National Review Editor Calls on Trump to Fire Pete Hegseth Over ‘Clownish’ Signal Scandal: ‘Does the Buck Stop Nowhere?’

(AP Photo/Andrew Harnik, File)
National Review executive editor Mark Wright called on President Donald Trump to fire Secretary of Defense Pete Hegseth over his divulgement of “operational details” regarding the American strikes on Yemen’s Houthi rebels over Signal earlier this month.
“The whole story is a tale so clownish, so stunning, so outlandish that it would seem to better fit into a gonzo satire of government ineptitude such as Burn After Reading or Veep,” observed Wright regarding National Security Adviser Mike Waltz’s adding of The Atlantic‘s Jeffrey Goldberg to the Signal group chat in which top officials — including Hegseth, Waltz, and Vice President JD Vance — were discussing the plan for the strikes.
“It goes without saying that Trump won’t fire everyone involved in this debacle, which would include most of his senior national-security staff,” continued Wright before laying out his case for giving Hegseth the axe:
In my view, the most egregious behavior was Defense Secretary Pete Hegseth’s. (The stupidest was National Security Adviser Mike Waltz’s adding of Goldberg to the conversation in the first place.)

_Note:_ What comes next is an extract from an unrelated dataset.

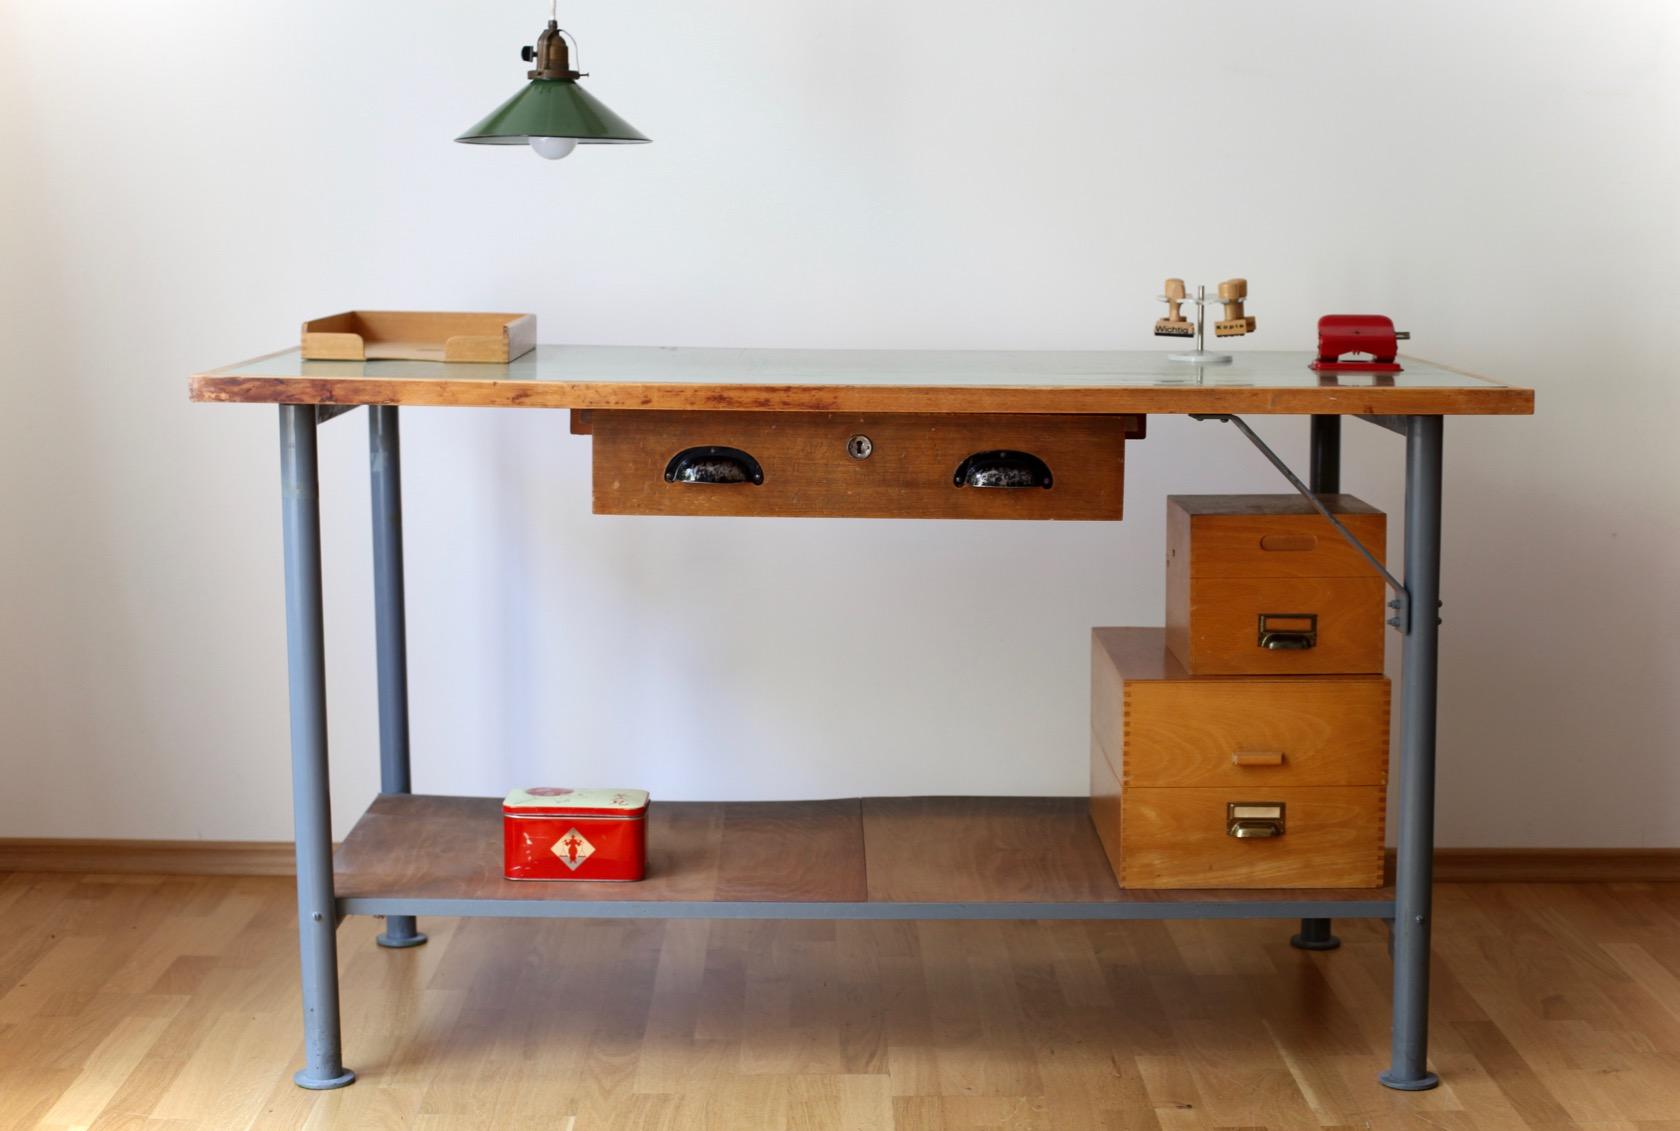 gro er vintage werkstatt oder arbeitstisch raumwunder vintage wohnen in n rnberg. Black Bedroom Furniture Sets. Home Design Ideas

Pete Hegseth — the top civilian in the Department of the Defense and a man who has command authority over U.S. military operations worldwide — texted information, over an unsecured channel, that “contained operational details of forthcoming strikes on Yemen, including information about targets, weapons the U.S. would be deploying, and attack sequencing.” That’s shocking, egregious, and totally outrageous.
President Trump should demand Pete Hegseth’s resignation. Today.

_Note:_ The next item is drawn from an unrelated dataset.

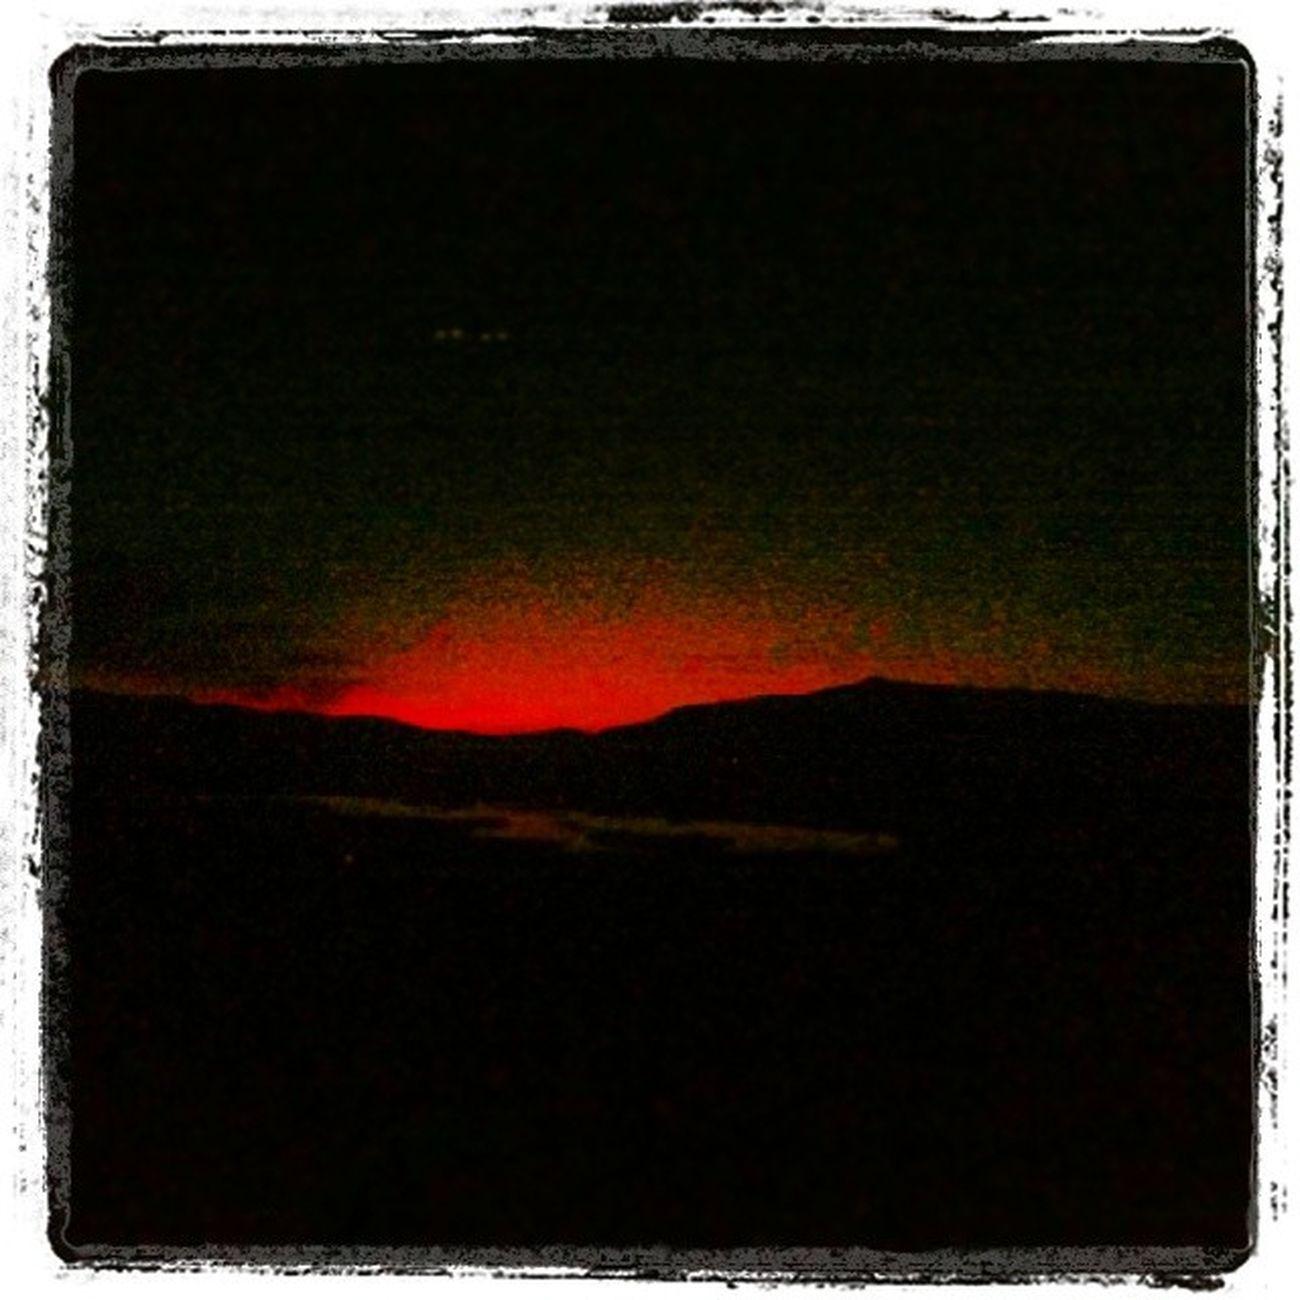 Ben kaçar der gibi kızıl kızıl güneş. Hadi bana eyvallah.

A question now hangs over this administration: Will there be accountability under Trump — or does the buck stop nowhere, as it did for the previous four years?
Wright isn’t the only one at the conservative magazine to say that heads deserve to roll, even if he didn’t go so far as to call for them.
“This morning, the president has plenty of good reasons to fire his entire national-security team,” wrote senior political correspondent Jim Geraghty in his morning newsletter. “He won’t do this, of course, but this means the president must shrug off half his cabinet discussing classified information — details about an impending U.S. military strike! — on an insecure system.”
“Maybe we don’t need to get rid of Waltz or Hegseth. But it would have been nice if either man had notified the president immediately and taken responsibility for the screwup,” added Geraghty. “At this point, there’s no sign that happened; instead of taking responsibility, Hegseth seems to think he can get out of this by blaming Goldberg.”